林枫几乎一夜未眠,梦中那撕裂天穹的暗红光芒和充满恨意的龙影,如同冰冷的浮雕,深深印刻在他的脑海。体内血脉灵锁的刺痛感虽然减弱,却并未完全消失,成为一种持续不断的低语,提醒着他自身处境的诡异与危险。
他刚推开房门,就看到母亲林氏站在院中,面带忧色地看着他。
“枫儿,老祭司刚才让人捎来口信,”林氏的声音带着一丝不安,“说祭龙台那边需要人手帮忙整理,点名让你过去。”
“让我去?”林枫微微一怔。老祭司在栖龙镇地位超然,是唯一能与御龙宗执事直接对话的人,也是龙噬祭的主要操办者。平日里,这位老人深居简出,对镇上的事务并不多加干涉,尤其是对身为“渎神者”后裔的林家,更是保持着一种若有若无的距离。此刻突然点名找他,难免让人心生疑虑。

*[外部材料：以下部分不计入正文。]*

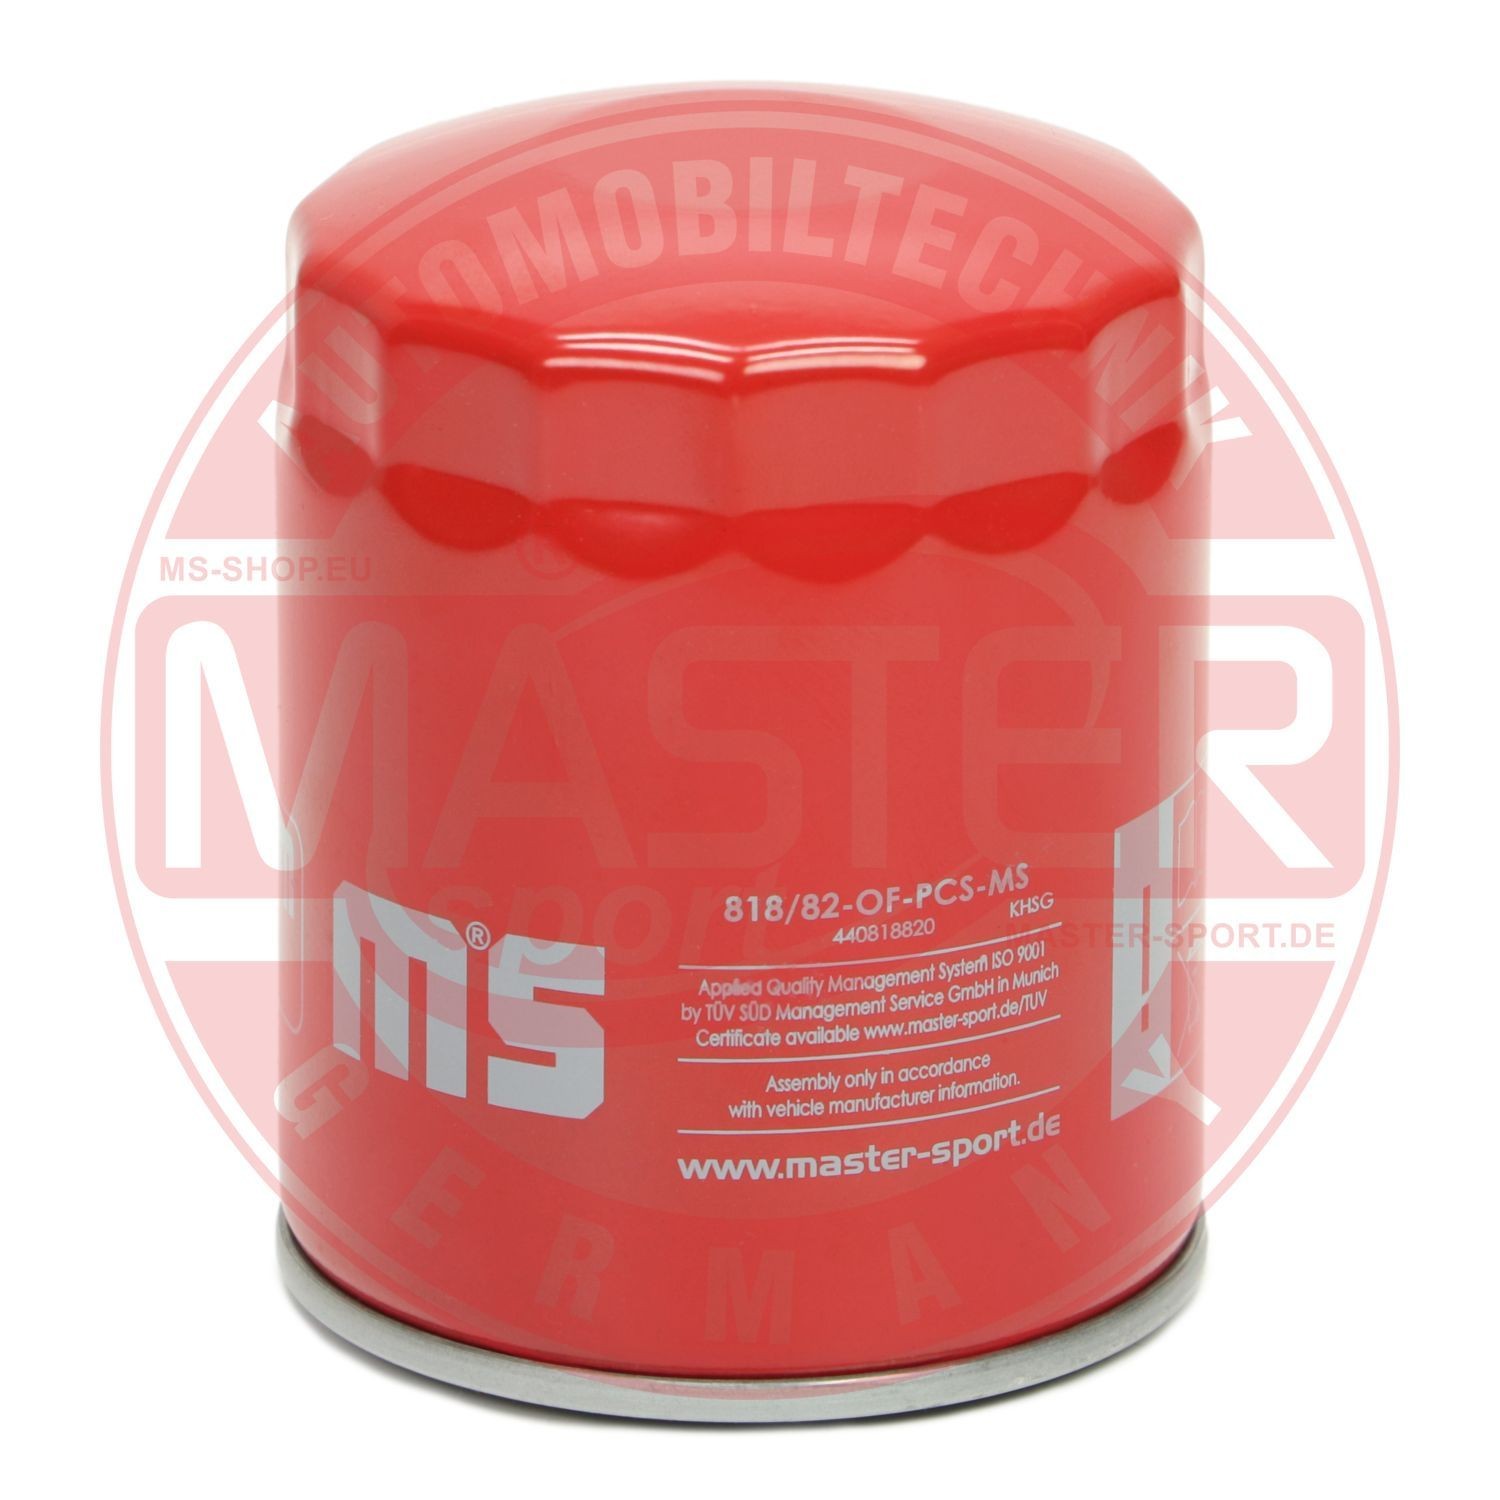 440818820 MASTER-SPORT 818/82-OF-PCS-MS Oil filter 1520-81-3210

林大山也从屋里走了出来,眉头紧锁,沉默地看了林枫一眼,那眼神里的意味复杂难明。他最终只是沉声道:“去吧,手脚利索点,少说话,多做事。”语气中透着一股不容置疑的凝重。
林枫点了点头:“我知道了,爹,娘,你们放心。”
他心中虽有疑惑,但也清楚,在龙噬祭前夕,老祭司的话在镇上几乎等同于命令,无人可以违抗。而且,不知为何,他内心深处对那座古老而诡异的祭龙台,也产生了一种难以言喻的好奇,或许,那里隐藏着与他梦境、与他体内灵锁相关的线索。
栖龙镇的中心,是一个相对开阔的广场。广场由坚硬的黑色巨石铺就,历经无数岁月的风雨侵蚀和脚步磨砺,石面已经变得光滑,却依旧透着一种冰冷的质感。而广场的正中央,便是那座让所有镇民敬畏又恐惧的祭龙台。
祭龙台同样由巨大的黑色石块垒砌而成,呈不太规则的圆形,高出地面约摸半人高。它并非精致华美,反而带着一种粗犷、原始、甚至可以说是蛮荒的气息。石台表面并不平整,布满了岁月留下的坑洼和裂纹。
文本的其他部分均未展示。